===== DATA SUPPLIED =====

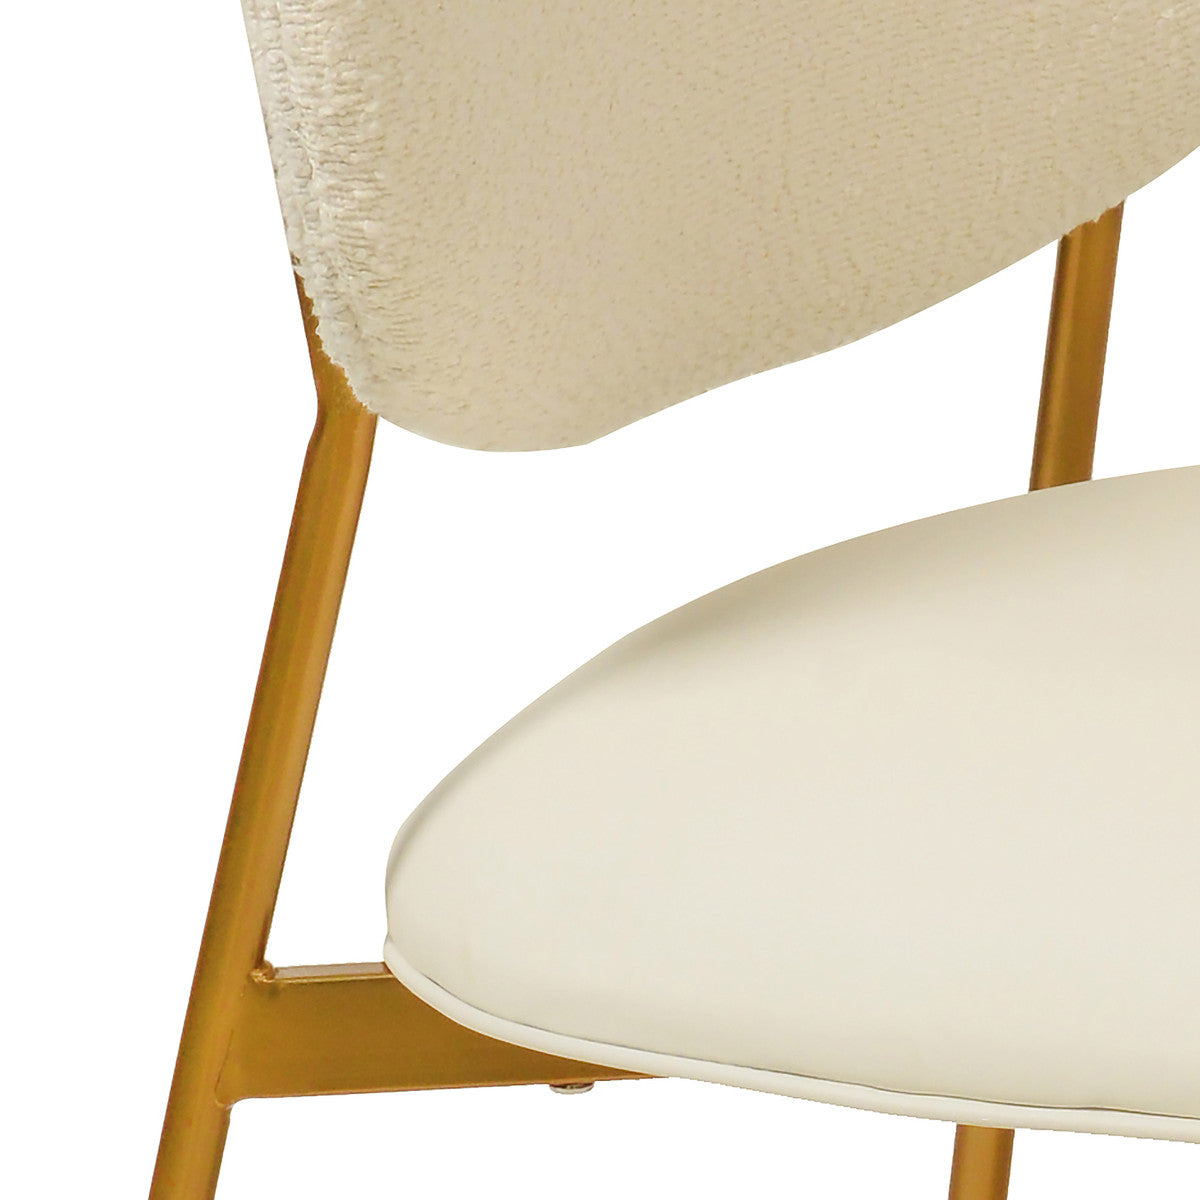 Kaycee Cream Boucle Stackable Dining Chair (Set of 2)
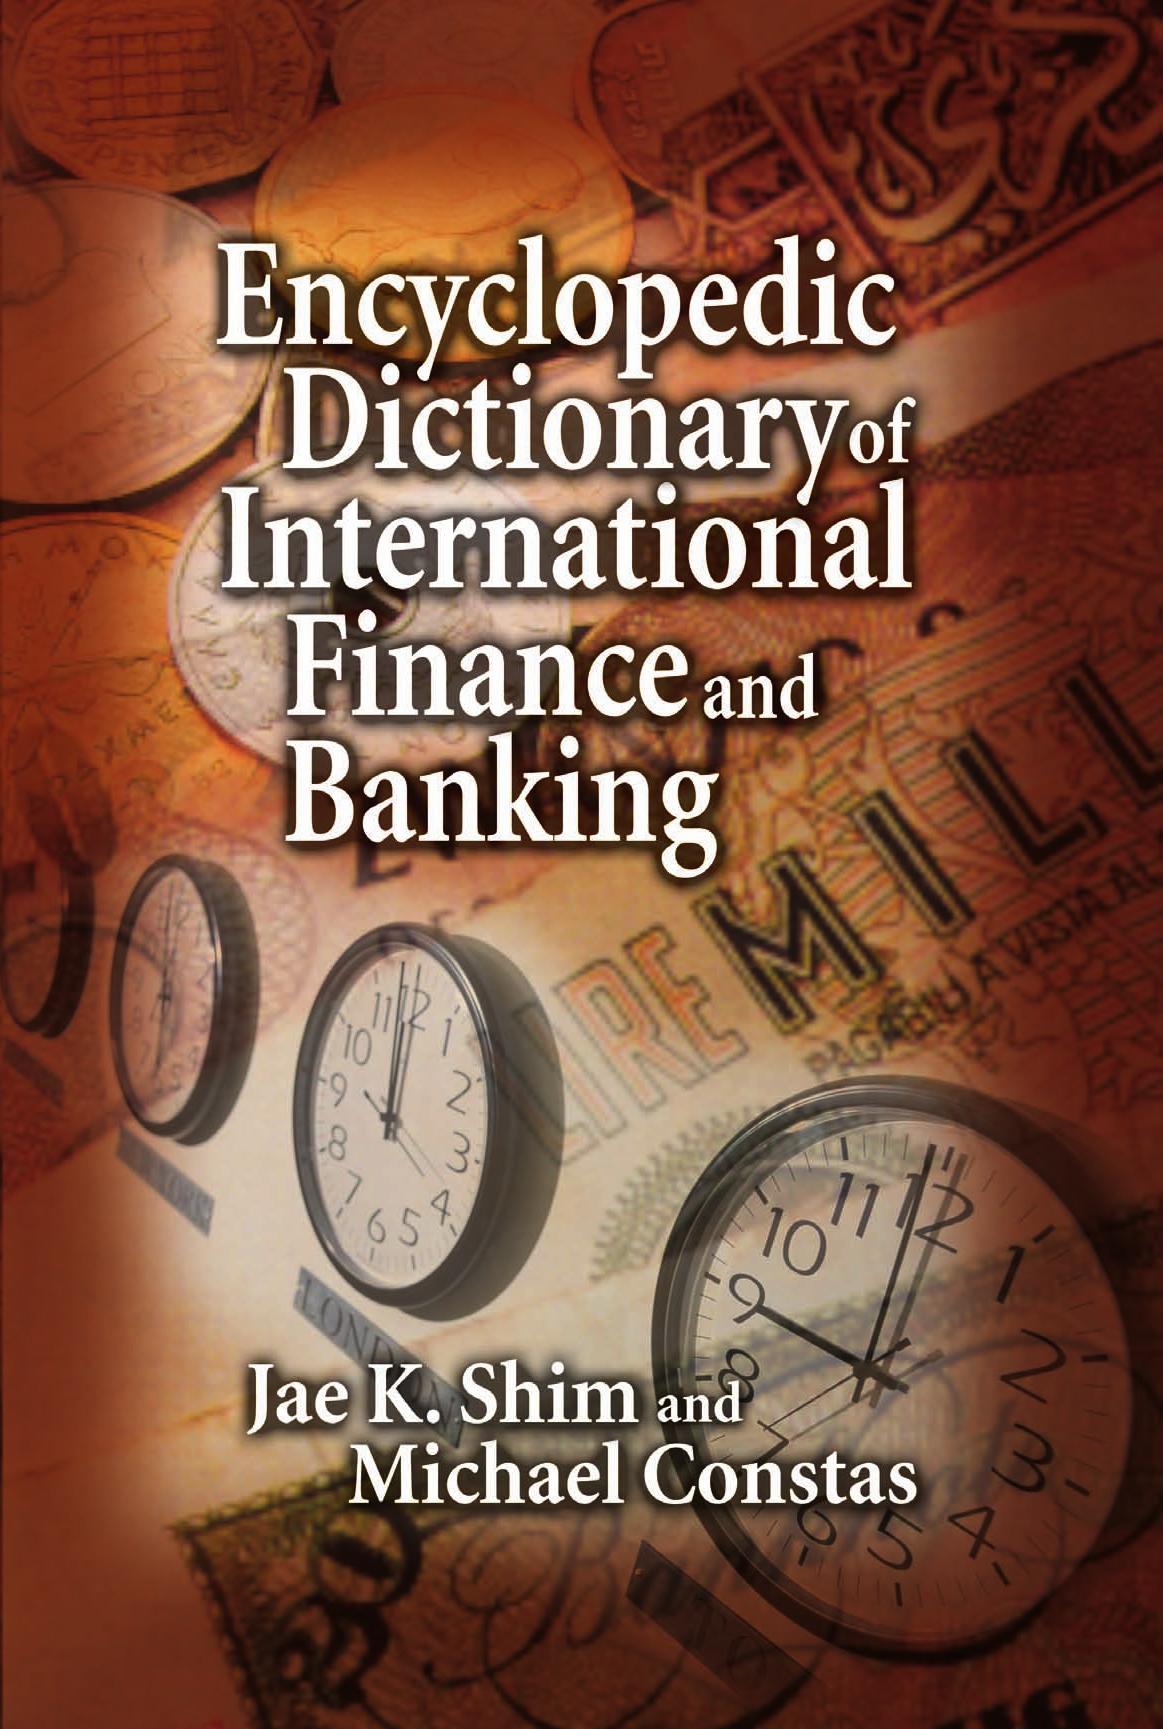 Internation Dictionary Of Finance And Banking
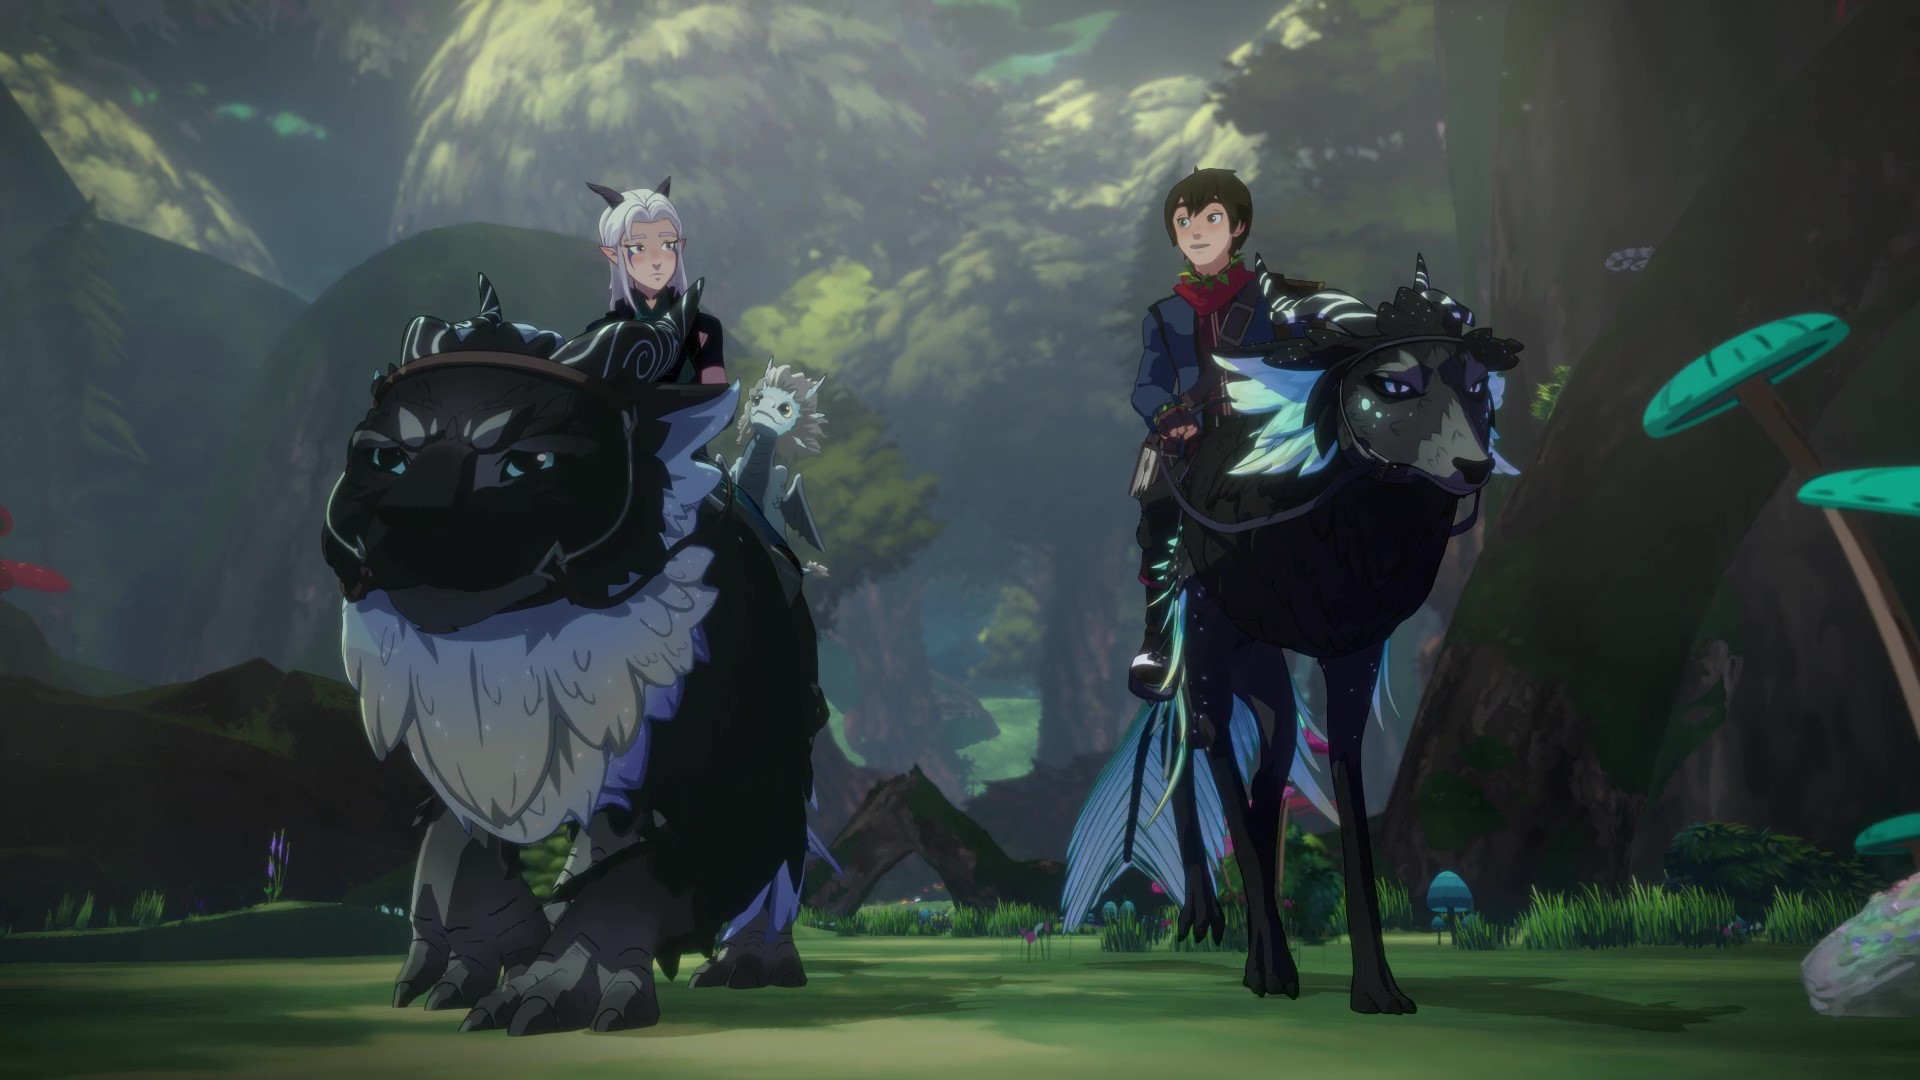 Callum and Rayla ride through a sunny Xadian forest on a moon-wolf and a moon-lion.
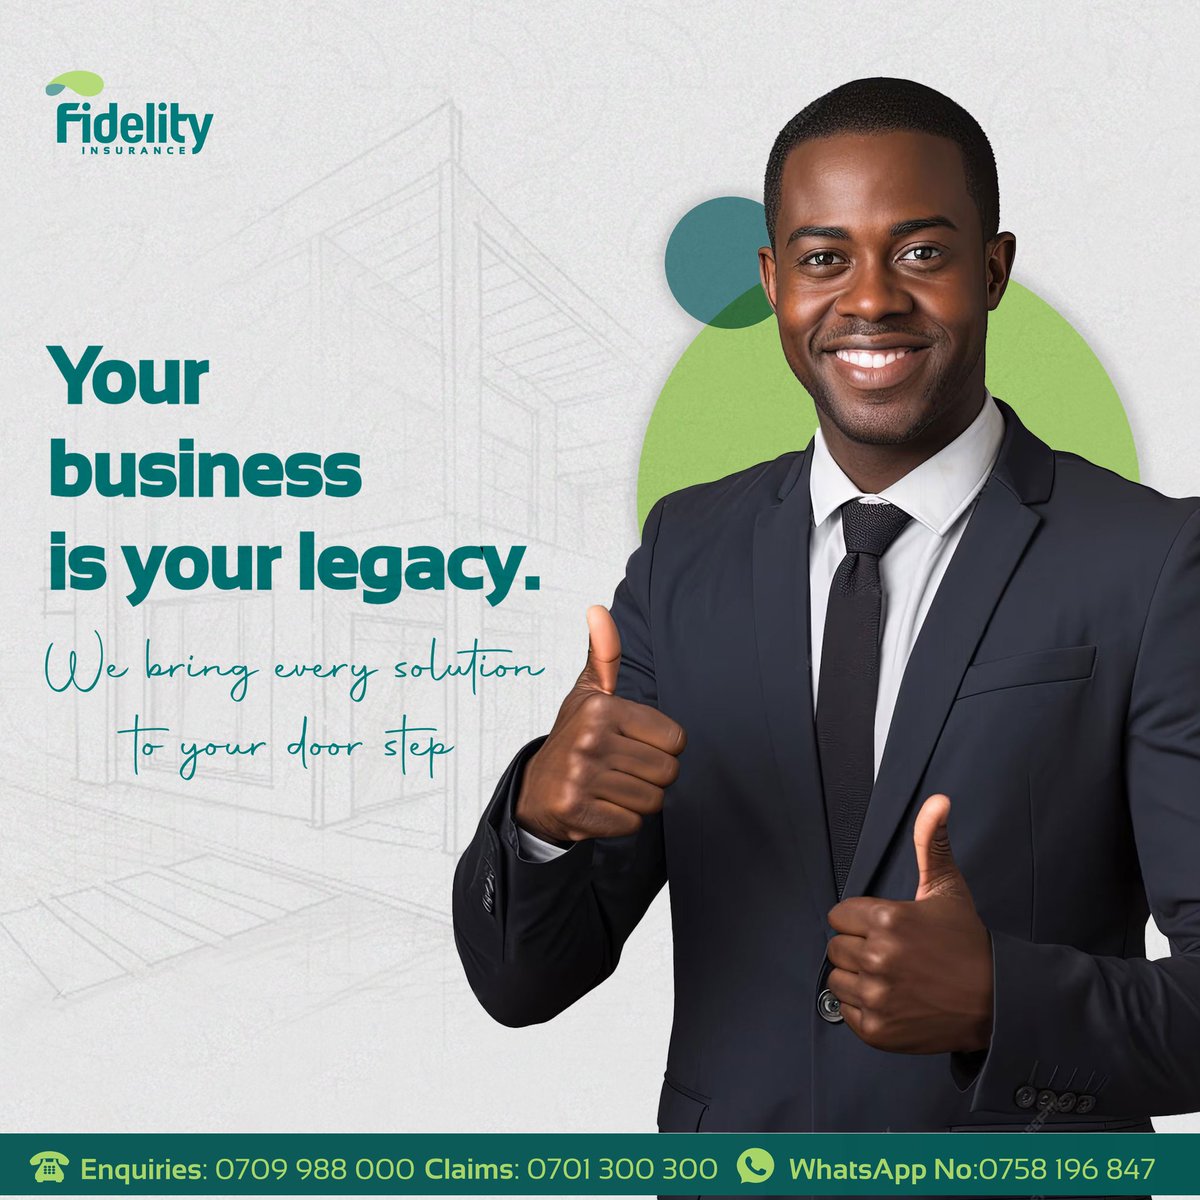 Ensure your business is safeguarded against all risks with our comprehensive business insurance solutions. Contact us on 0709988000 for a quote! 
#fidelityinsurance #insuranceyoucantrust #businessinsurance #insurance
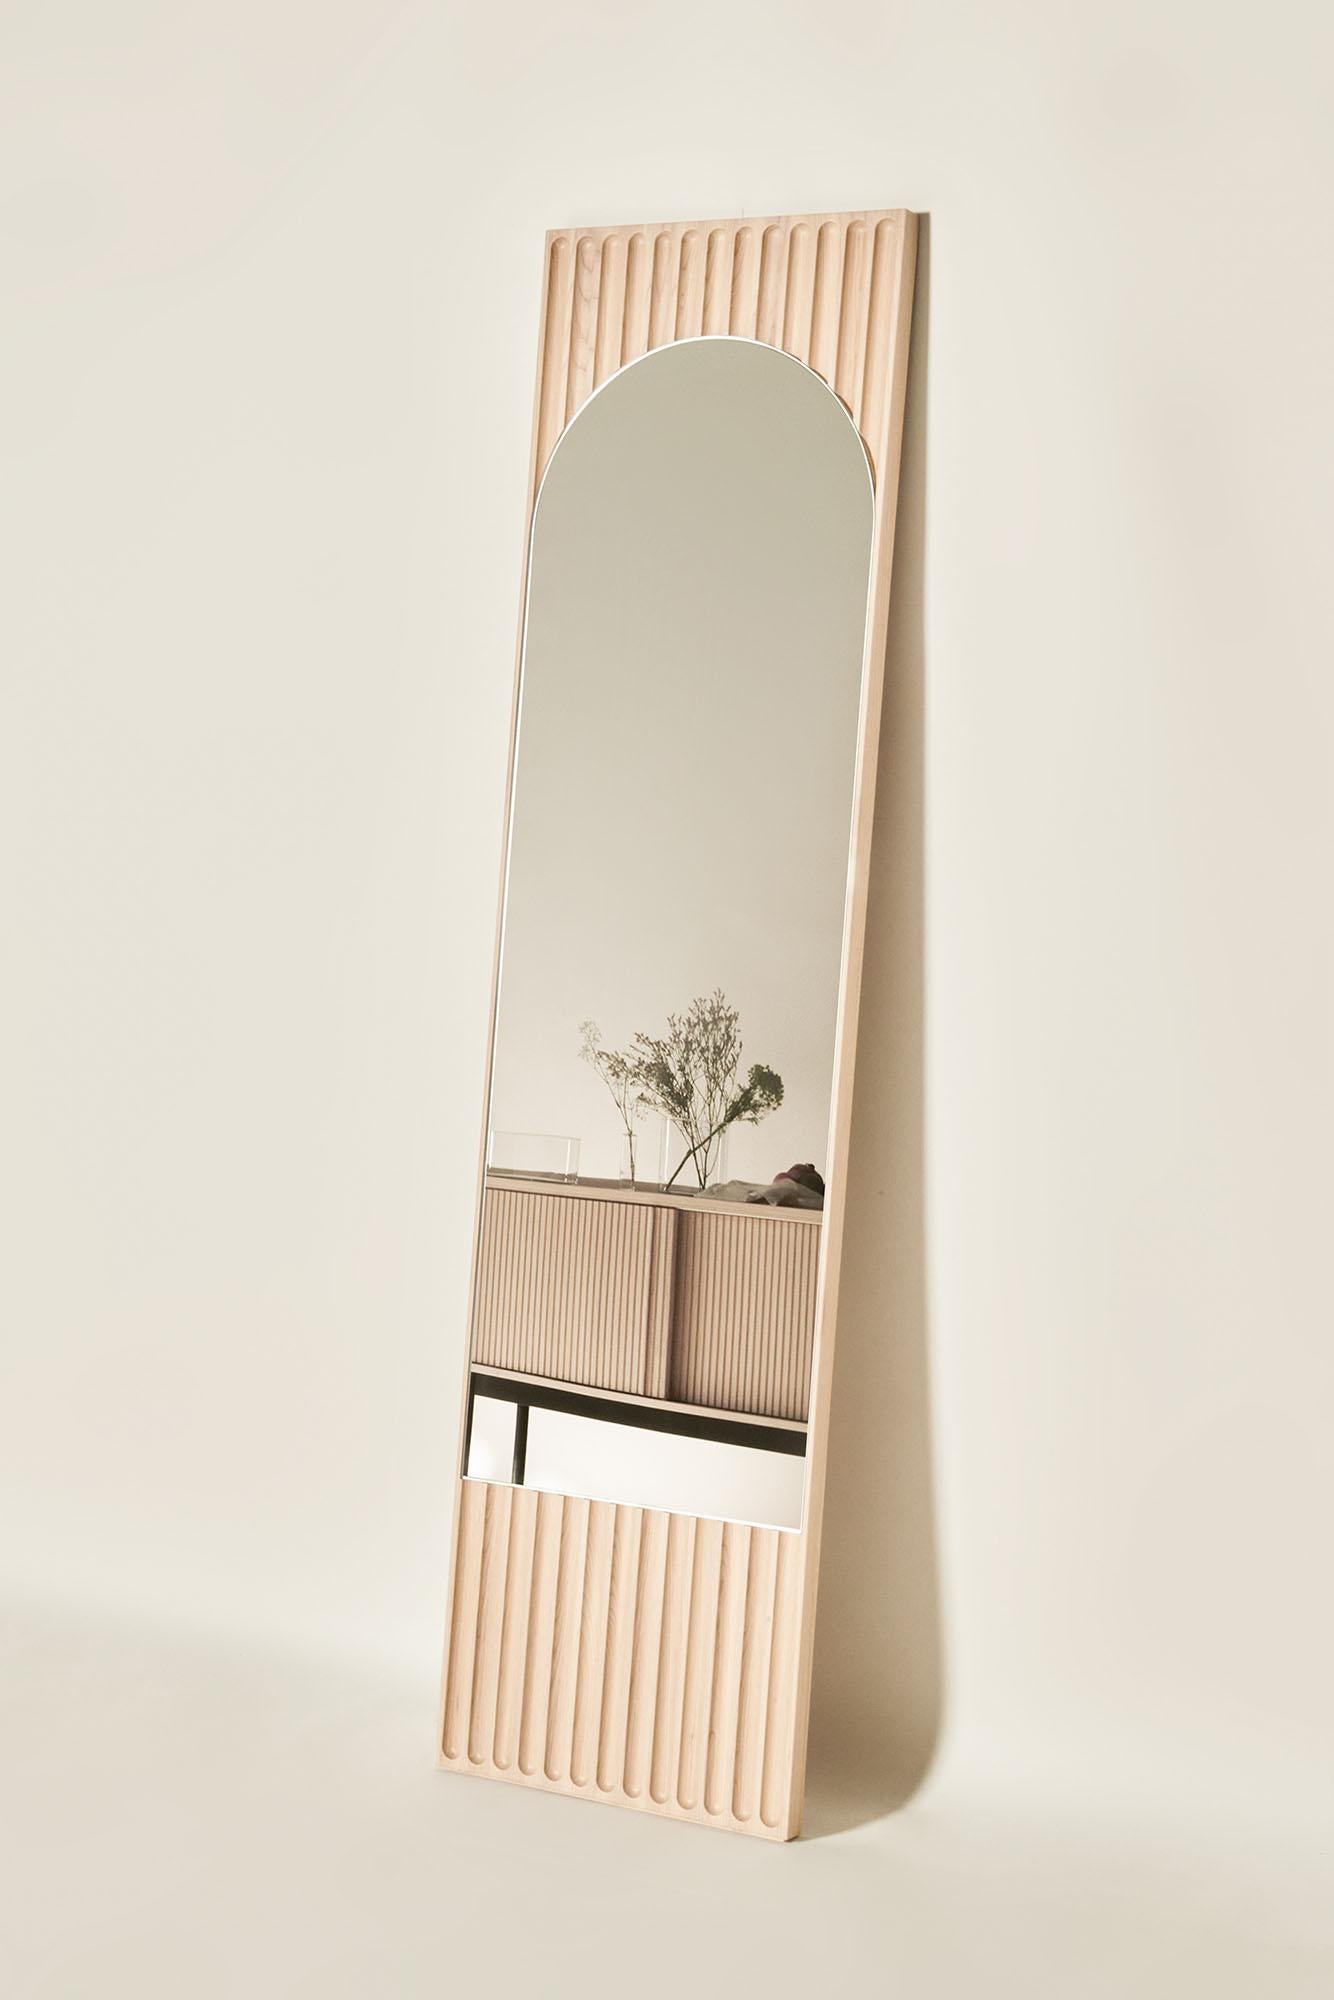 Oiled Tutto Sesto Solid Wood Rectangular Mirror, Ash in Natural Finish, Contemporary For Sale

=====

* **EXERCISE REQUIREMENTS**: Could you set down every entry above exactly as it stands, with no images?

* **EXERCISE SOLUTION**:
 Kaycee Cream Boucle Stackable Dining Chair (Set of 2)
 Internation Dictionary Of Finance And Banking
 Callum and Rayla ride through a sunny Xadian forest on a moon-wolf and a moon-lion.
 Ensure your business is safeguarded against all risks with our comprehensive business insurance solutions. Contact us on 0709988000 for a quote! 
#fidelityinsurance #insuranceyoucantrust #businessinsurance #insurance
 Oiled Tutto Sesto Solid Wood Rectangular Mirror, Ash in Natural Finish, Contemporary For Sale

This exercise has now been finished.